Actually, I think we understand eachother perfectly. What I am saying is that obviously TWO can play this game. Once one is freed from the contraints of logic, then who can decide between the Islamists and Le Pen? We might as well choose our own tribe in this battle, n'est ce pas? Isn't that where postmodernism leads us? The only way that couldn't be where it leads us, is if it never occurred to its proponents that there might eventually be a white,western (even Christian) ethnic group - with it's own unique narrative - under attack, as there is in France now.

The point is - now that's it's all about identity politics, every tribe has a legitimate claim to truth. Hell - we're all victims now. So pick your tribe. Morally, I might as well pick Le Pen. He's simply closer to my tribe. So why not?

Anonymous said...

A French friend(she lives here and is a citizen but is in contact with friends and family there) says it is widely believed in France that that little "health incident" of Chirac's was more significant and that it was apparently a stroke and he is not functioning well since then..Indeed, they think he is quite "ga ga".

C

MeaninglessHotAir said...

Caroline,

Ok. Check.

And while we're agreeing, allow me state that I agree with this quote of yours re Hersh:

--------------------
Roger Simon: "No, I think in comments like this he is trying to relive his glory days of the secret bombing of Cambodia when he, Seymour, was a hero.
I can sympathize. This is a temptation we all have"

It may be a temptation that many people have but it deserves no sympathy whatsoever. It ought to be roundly condemned. The stakes for the west as a whole are simply too high to pander to the ego needs of baby-boomer has-beens.
---------------------

Bravo! Well said.

gumshoe1 said...

Caroline & MHA -

i've read terrific reviews
of a book by author Stephen Hicks
called "Explaining Postmodernism:


i've sent YARGBie truepeers
a link to one review about it,
hoping he might find time to start up a thread about it here on the blog.


a link to the book...:

"Explaining Postmodernism: Skepticism and Socialism from Rousseau to Foucault" by Stephen R. C. Hicks (Paperback - August 2004)

http://www.amazon.com/exec/obidos/tg
/detail/-/1592476422/qid=1131948541
/sr=8-1/ref=pd_bbs_1/103-1983237
-8313415?v=glance&s=books&n=507846


to the review mentioned above...:

(book review & commentary)
from the blog
One Cosmos(and the Bo Diddley Beat)

"From the Lofty Kant to Lefty Cant"

http://onecosmos.blogspot.com/2005
/11/from-lofty-kant-to-lefty-cant_11.html

and a few choice quotes:

"Ever wonder why leftists are so irrational and unreasonable? According to Hicks, postmodernism is “the first ruthlessly consistent statement of the consequences of rejecting reason.” This is why leftists routinely resort to ad hominem attacks, extreme hostility to dissent, speech codes, and authoritarian political correctness. "
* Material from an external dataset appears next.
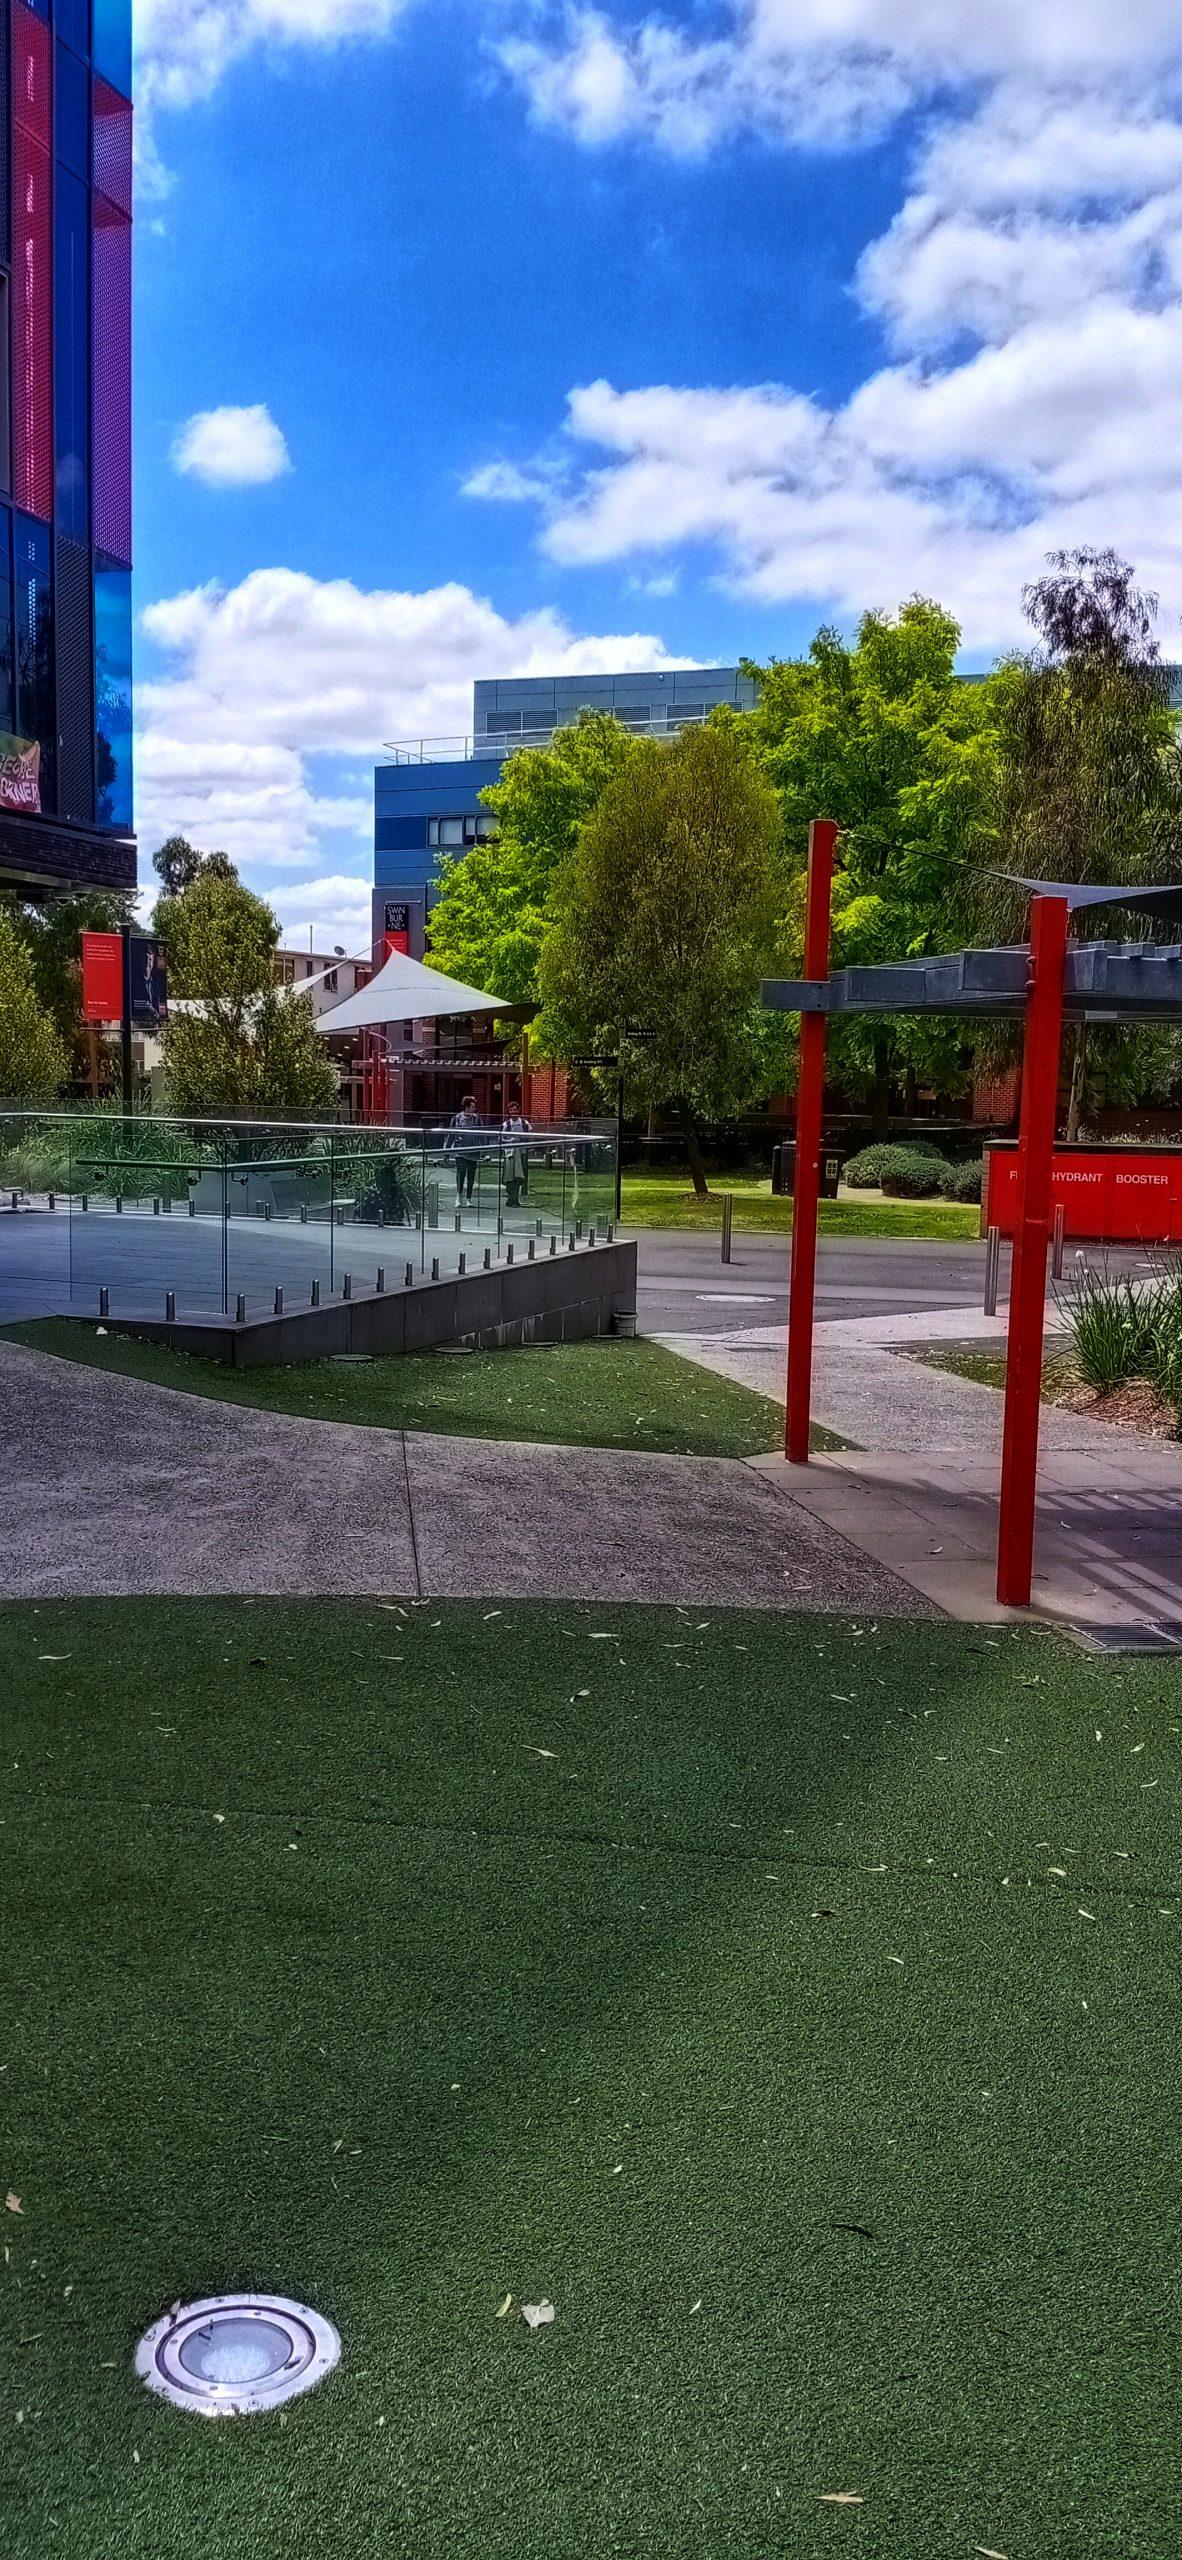 Swinburne university, Australia.

"...this also explains the common observation that the left is devoid of constructive ideas, for without logic and evidence, leftism has been reduced to a knee-jerk critique of Western civilization.
It is essentially irrational and nihilistic, because language is not about reality, but simply about more language."

*More Language*?

gotta luv it.

gumshoe1 said...

"...for without logic and evidence, leftism has been reduced to a knee-jerk critique of Western civilization."

to add a bit to that...
the memory-hole becomes
shallower and shallower
with the rejection of the
dreaded "history" in favor of the
newly sanctified "narratives"...

the yield is the the self-induced idiocy and power-grabbing of the recent "Lied into War" meme...
despite stacks of evidence to refute it.